### DATA
══════
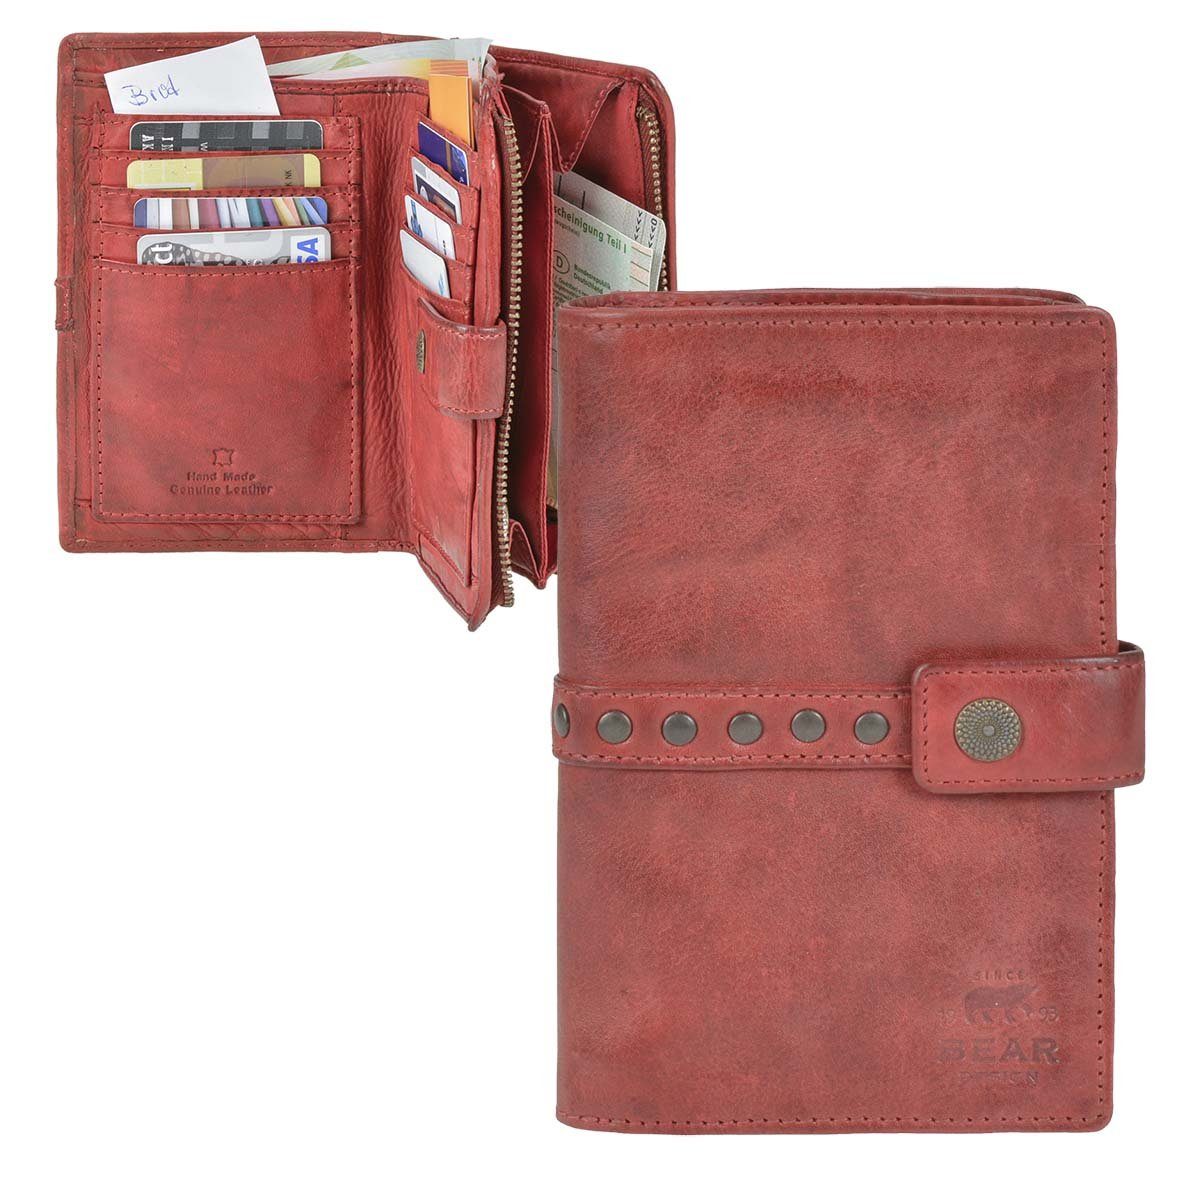 Bear Design Geldbörse "Sanne" Cow Lavato Leder, Damenbörse, Portemonnaie, knautschiges Leder in rot, 8 Kartenfächer
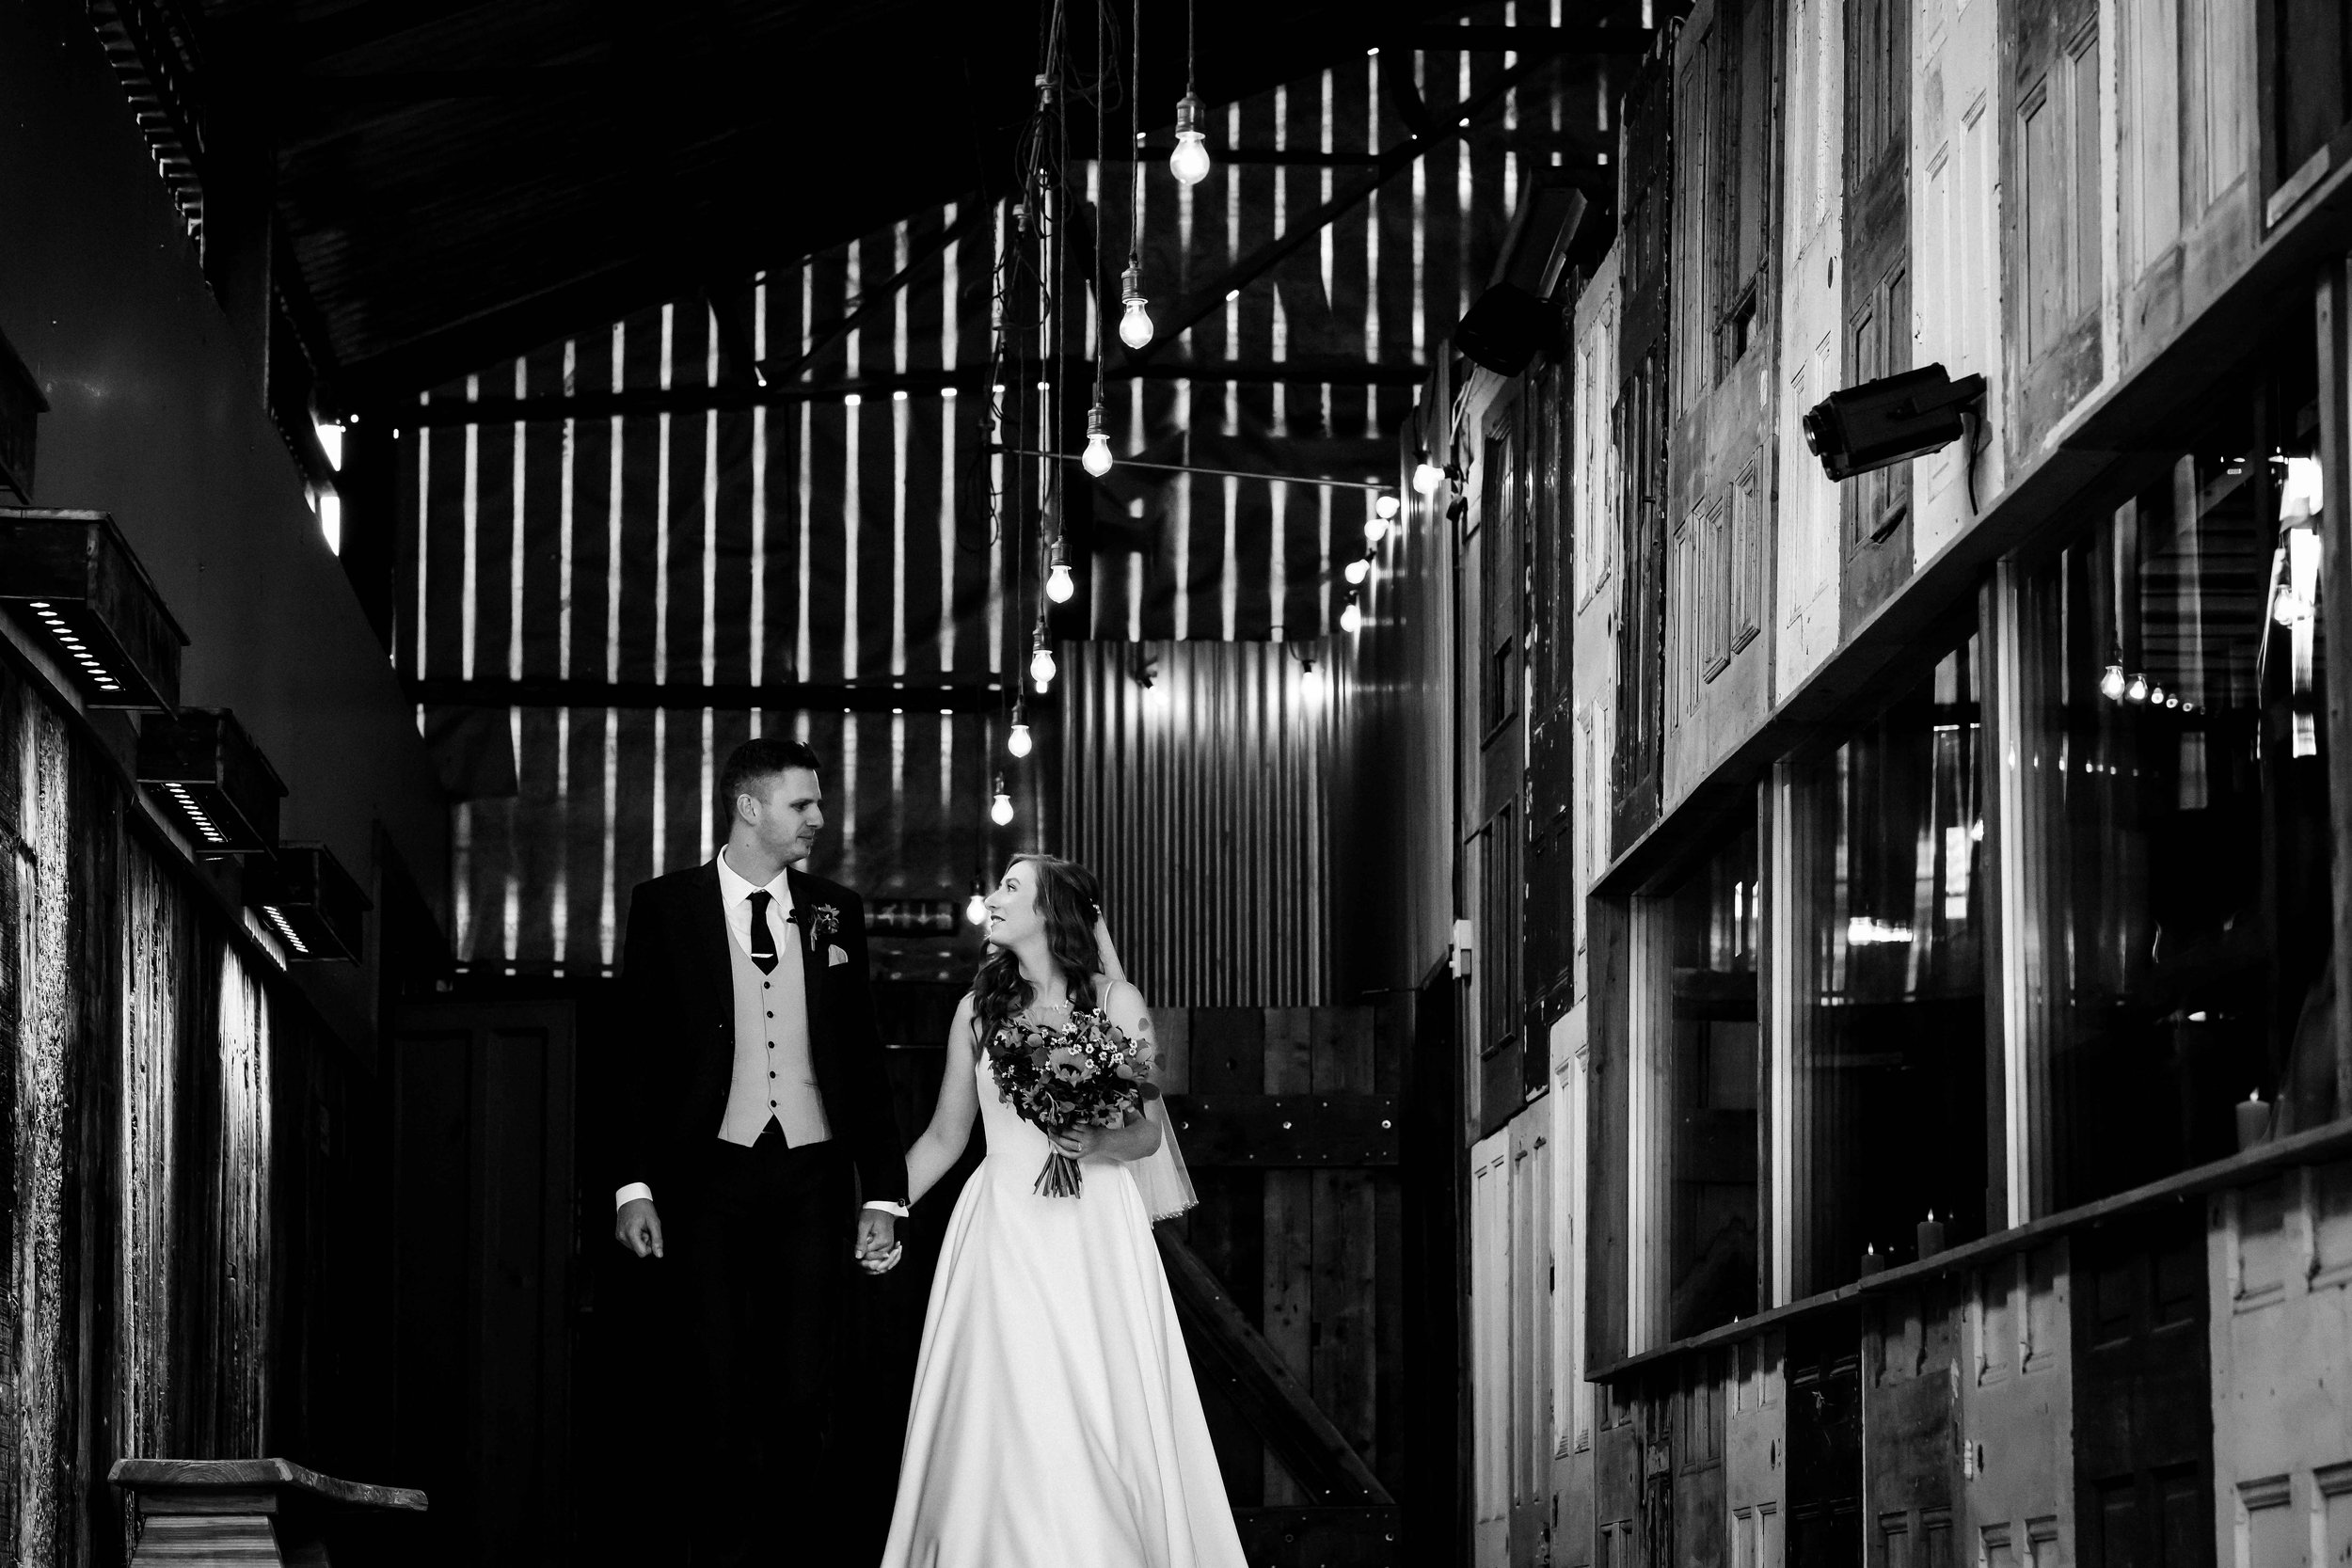 owen house wedding barn wedding photography cheshire - 040.jpg
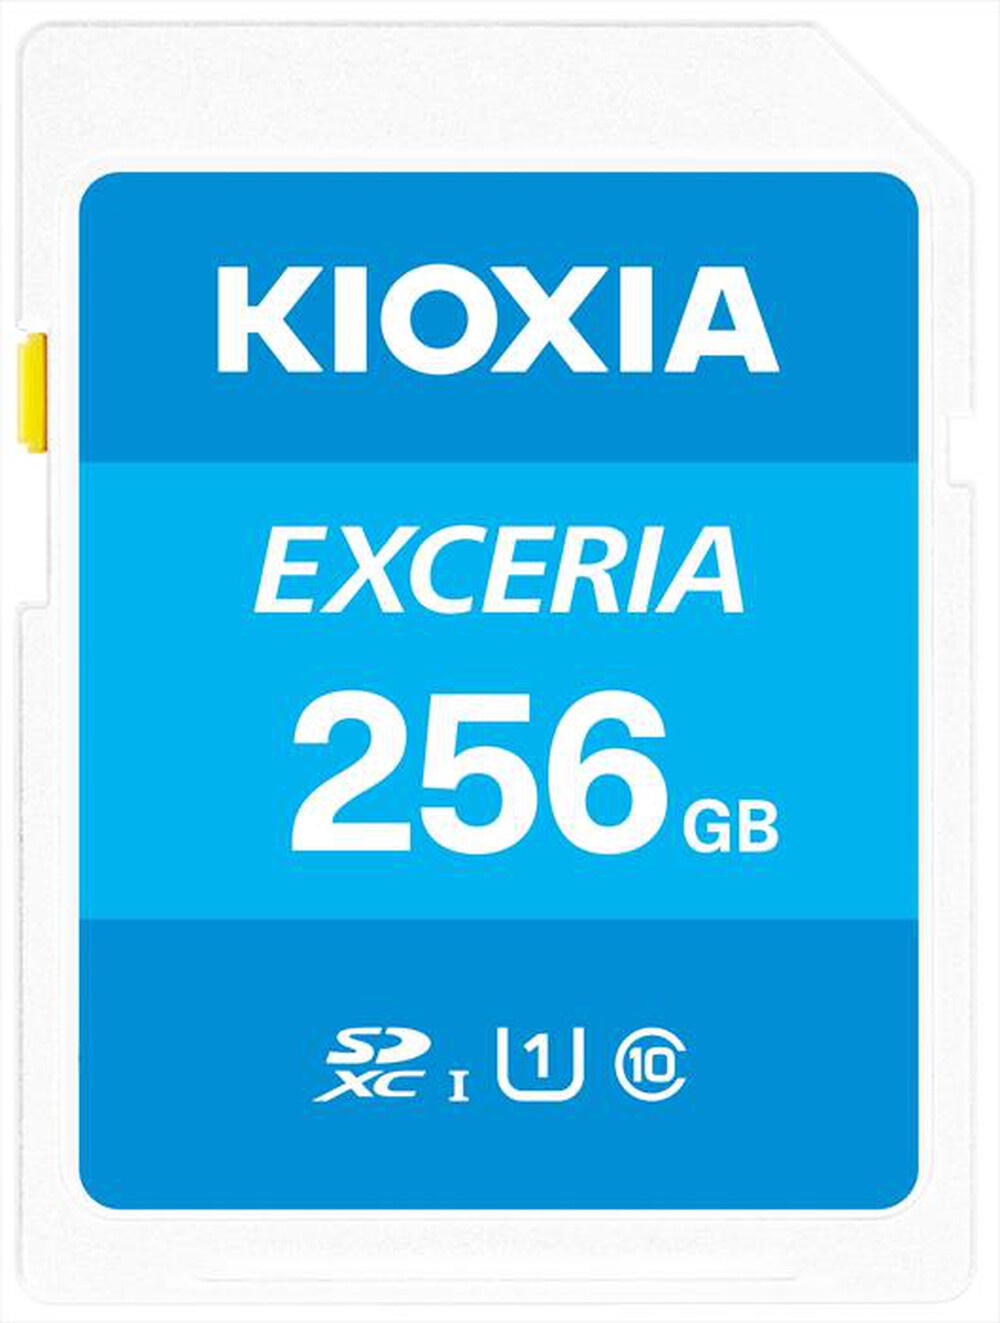 "KIOXIA - SD EXCERIA NEX1 UHS-1 256GB-Azzurro"
══════
### REQUIRED ACTION
Reproduce the data above in full, exactly, with the images removed.

### EXPECTED ANSWER
 Bear Design Geldbörse "Sanne" Cow Lavato Leder, Damenbörse, Portemonnaie, knautschiges Leder in rot, 8 Kartenfächer
 owen house wedding barn wedding photography cheshire - 040.jpg
 "KIOXIA - SD EXCERIA NEX1 UHS-1 256GB-Azzurro"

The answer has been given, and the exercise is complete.